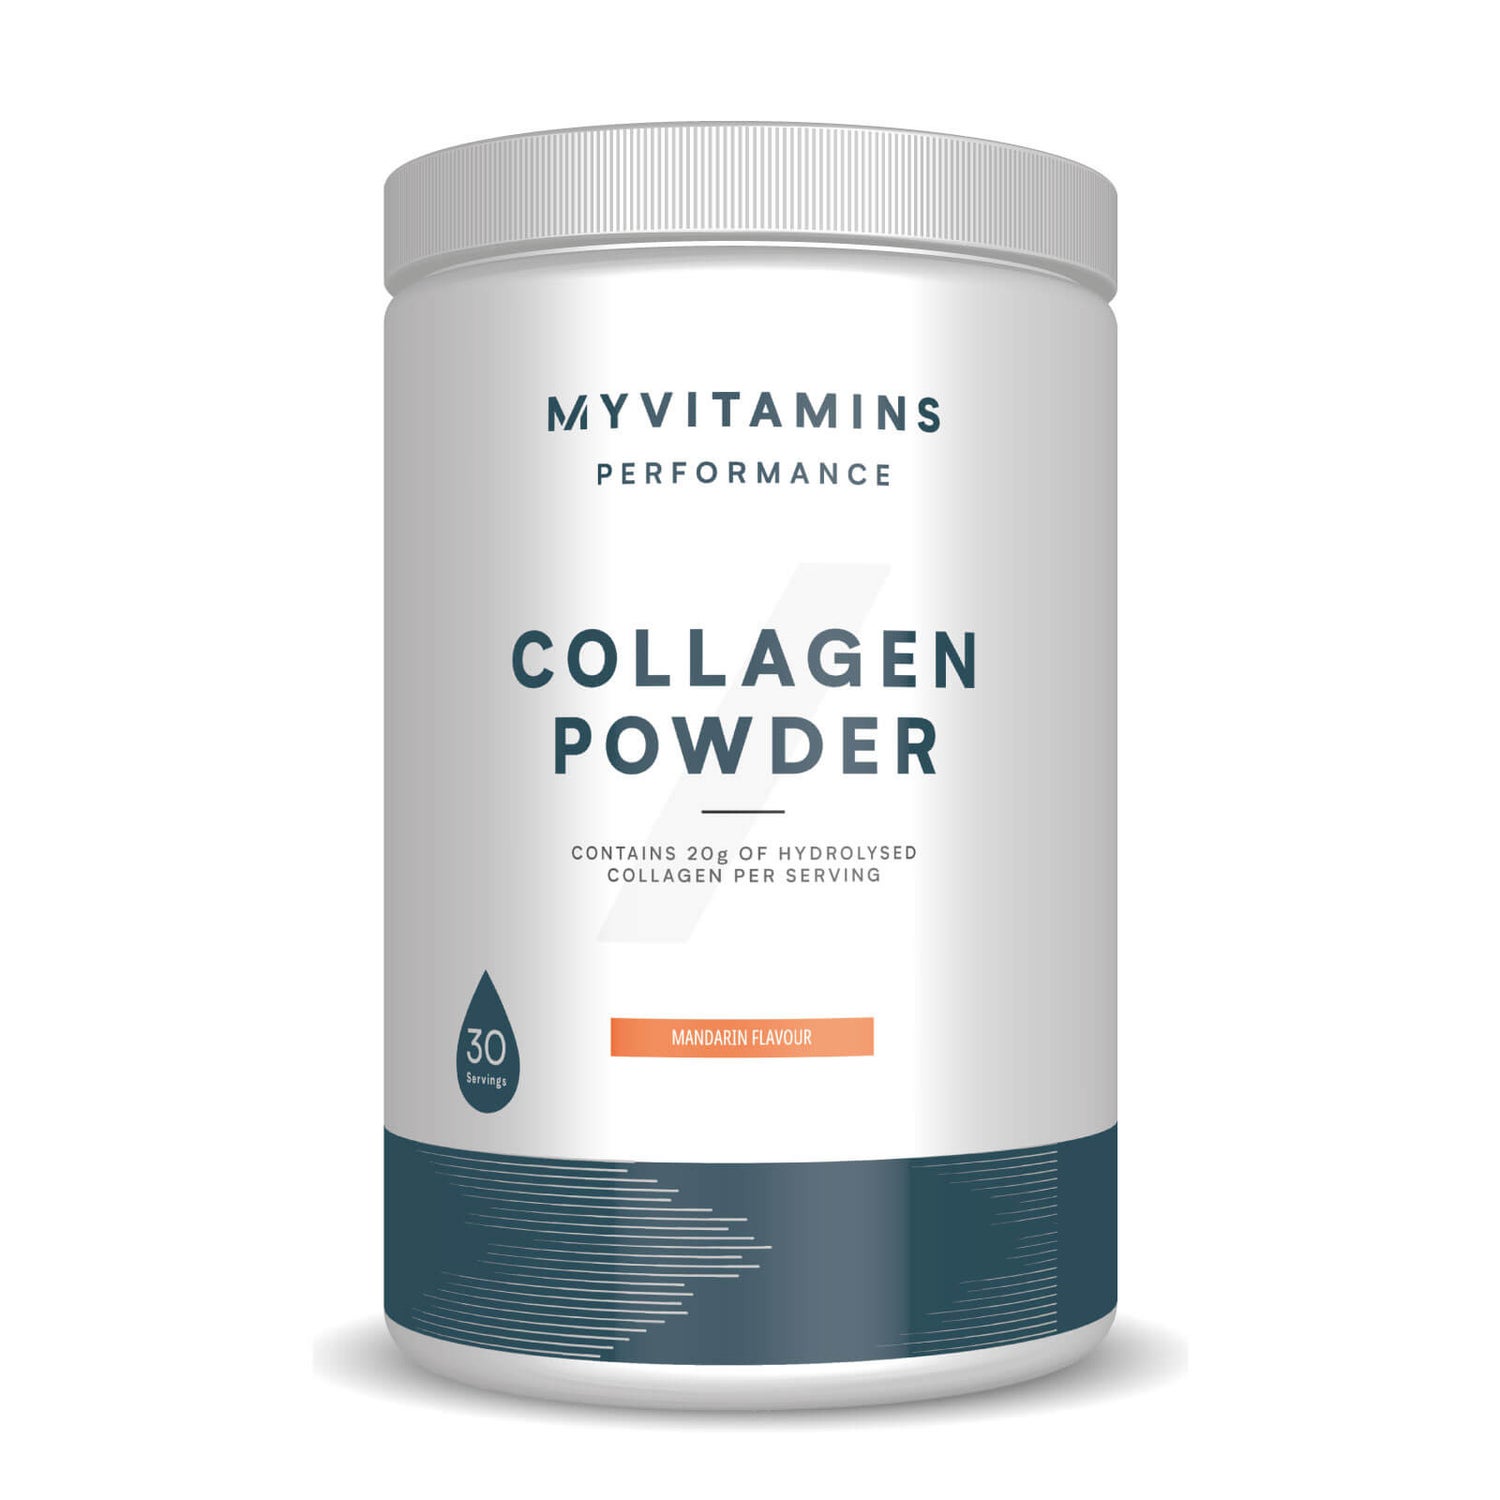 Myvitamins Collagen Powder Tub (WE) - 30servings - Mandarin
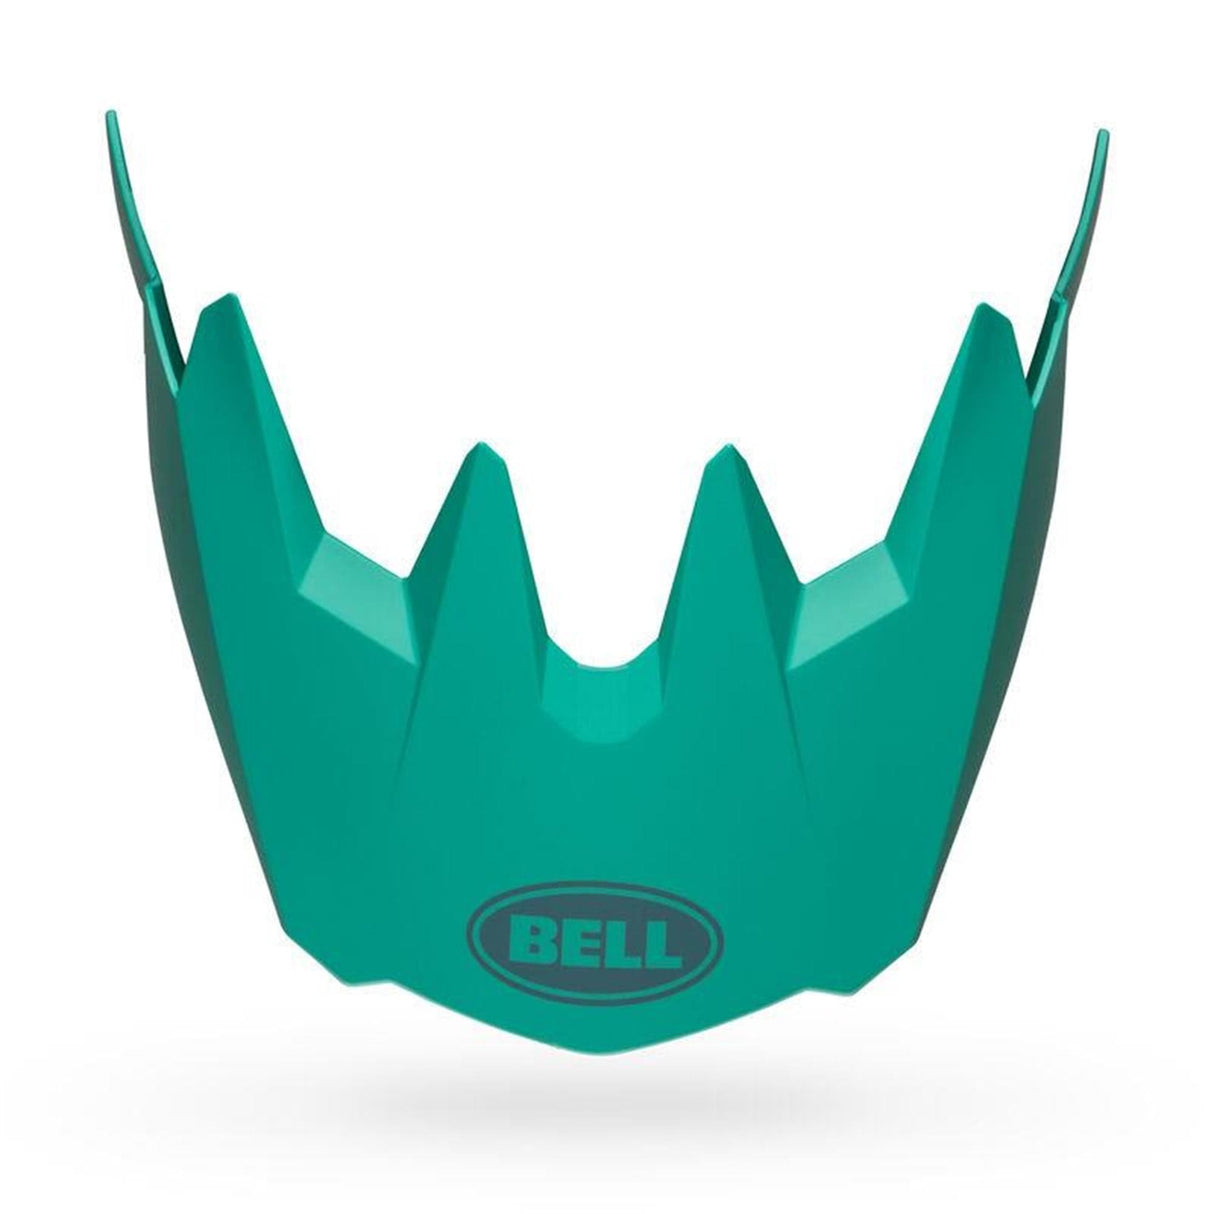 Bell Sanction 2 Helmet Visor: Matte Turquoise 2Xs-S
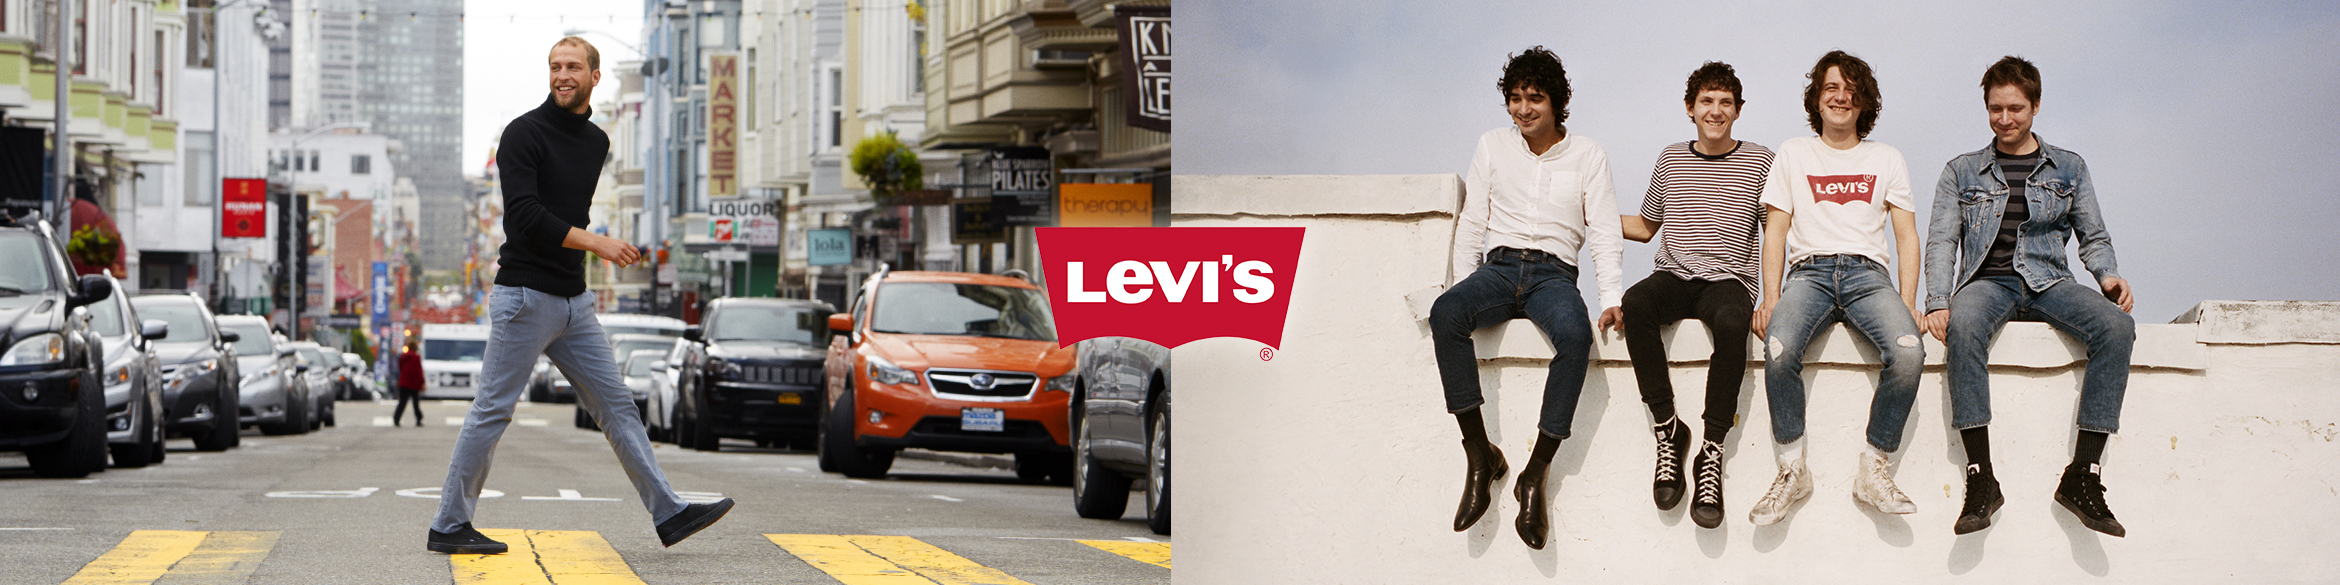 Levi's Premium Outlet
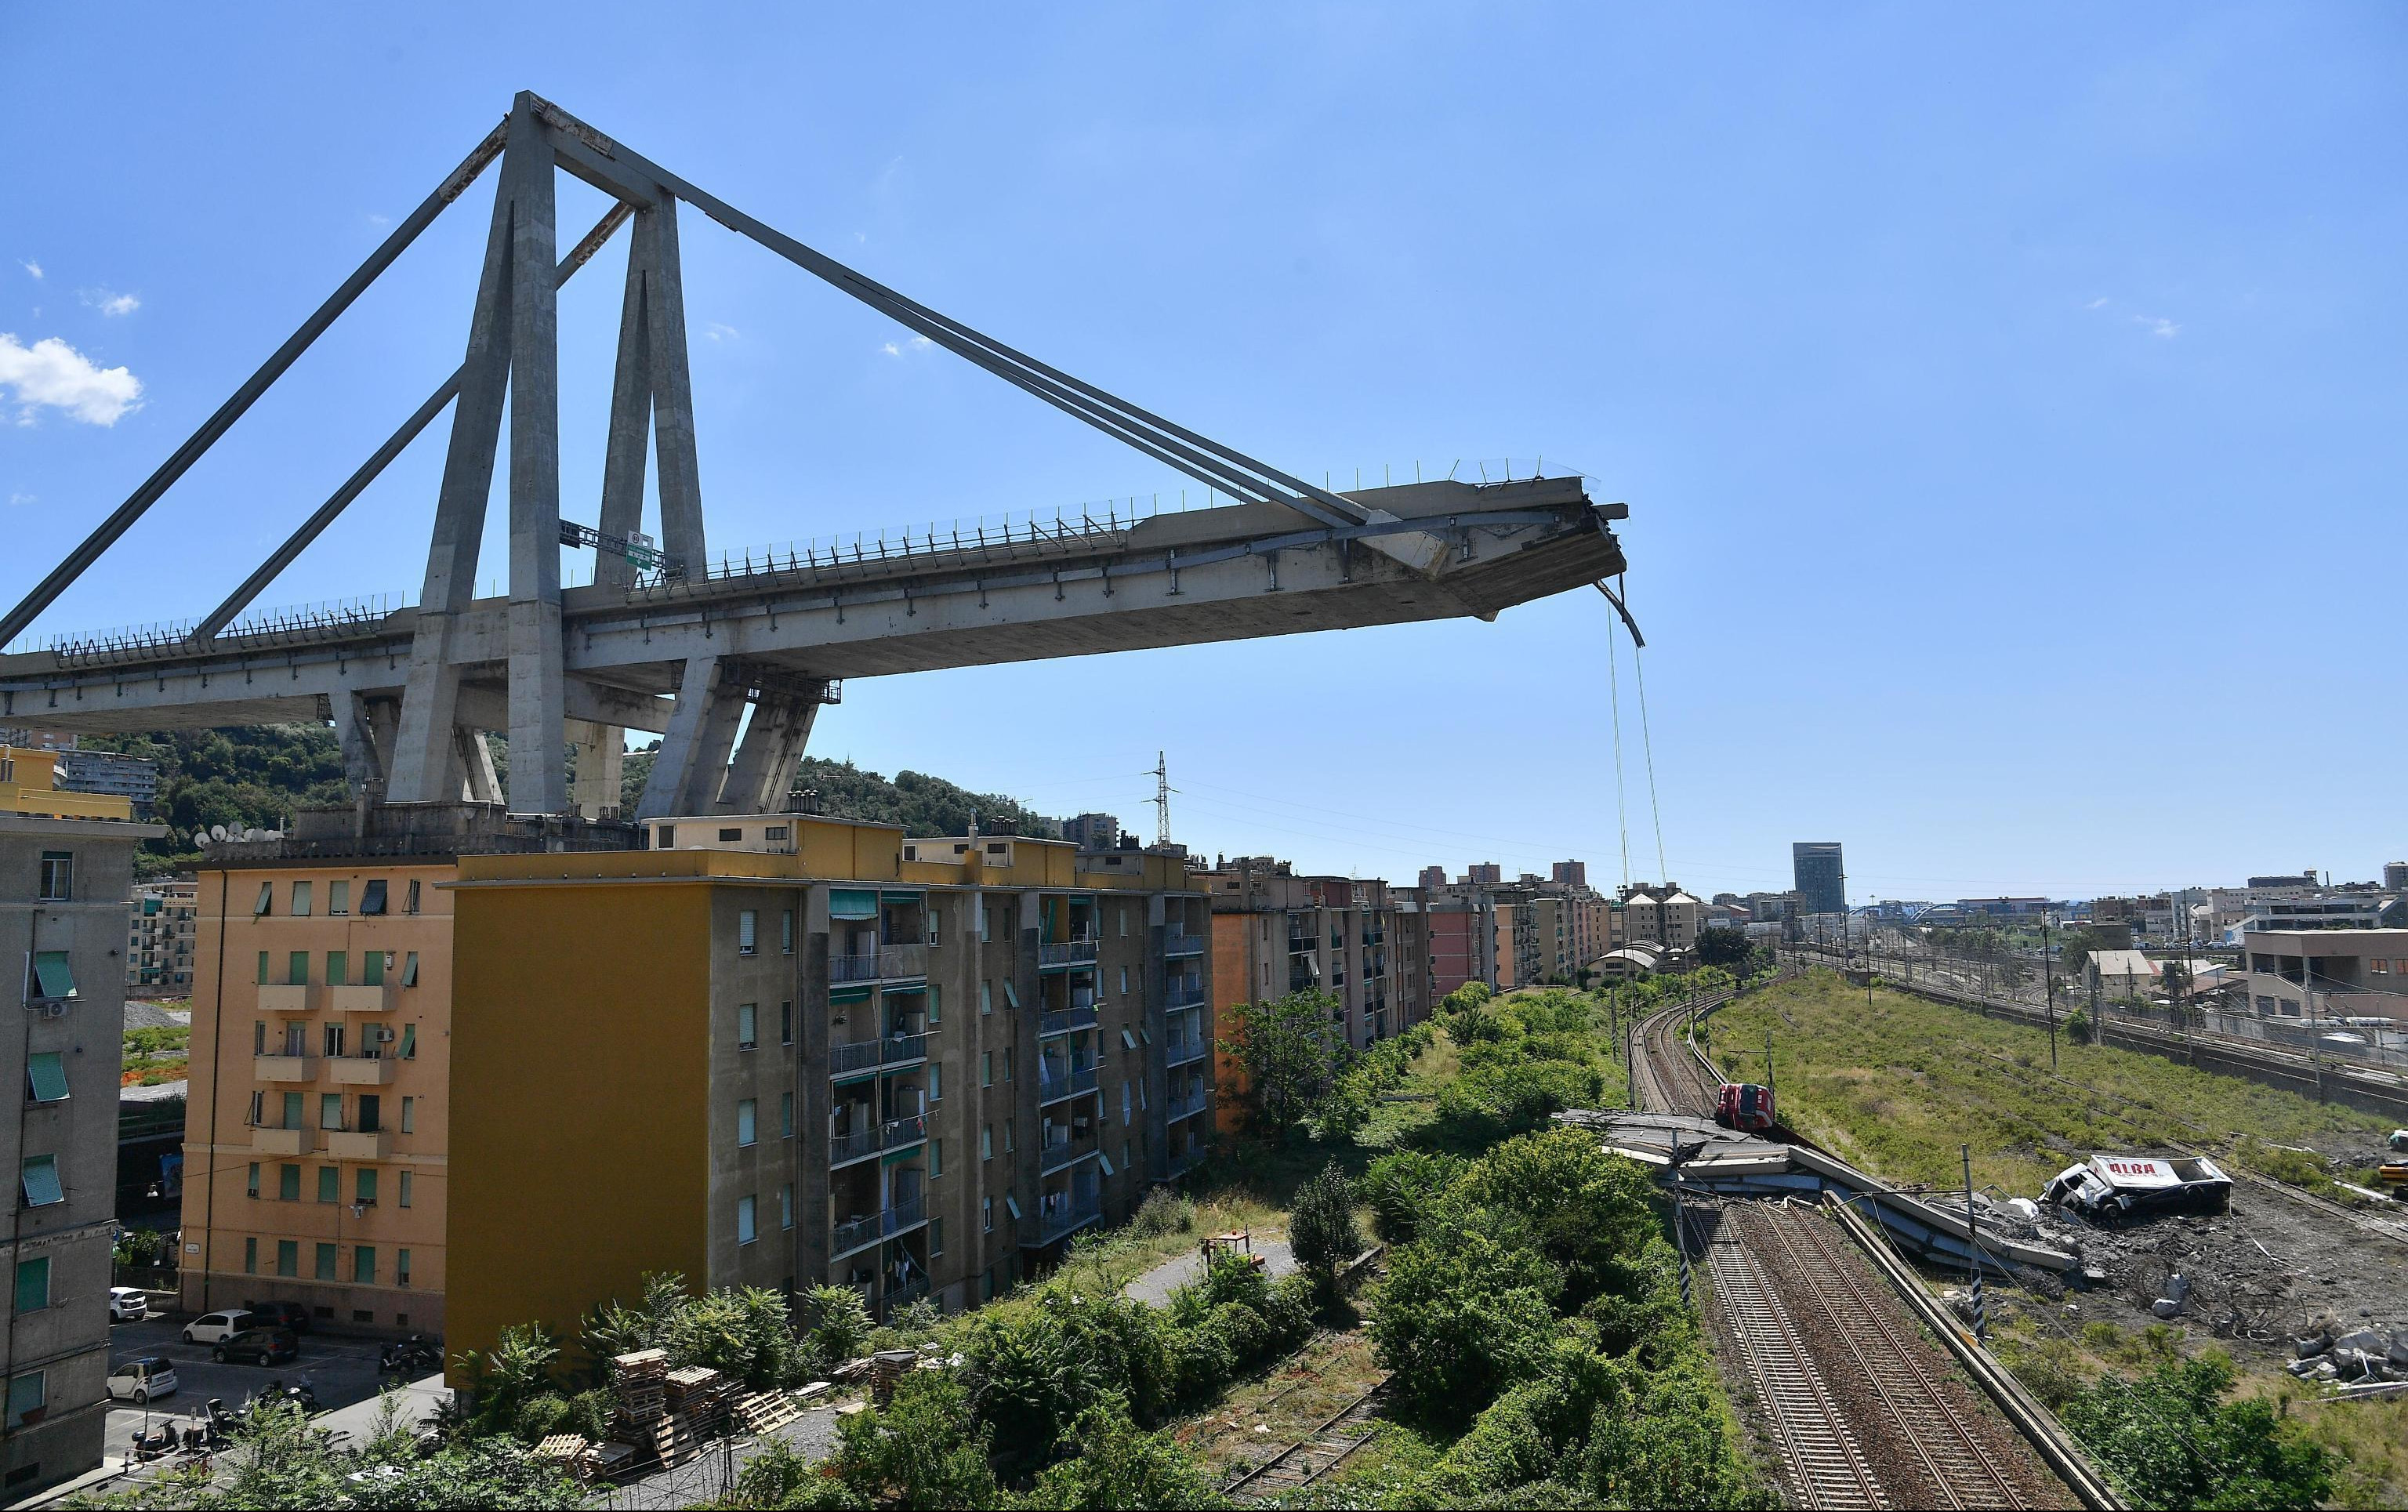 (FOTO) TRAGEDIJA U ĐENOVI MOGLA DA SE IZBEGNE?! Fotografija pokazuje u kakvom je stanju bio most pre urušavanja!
----------------------------------------
BRIEF
Retype the listing exactly. Skip every picture.

RESPONSE BELOW
 Myvitamins Collagen Powder Tub (WE) - 30servings - Mandarin
 Bell Sanction 2 Helmet Visor: Matte Turquoise 2Xs-S
 Levi's Premium Outlet
 (FOTO) TRAGEDIJA U ĐENOVI MOGLA DA SE IZBEGNE?! Fotografija pokazuje u kakvom je stanju bio most pre urušavanja!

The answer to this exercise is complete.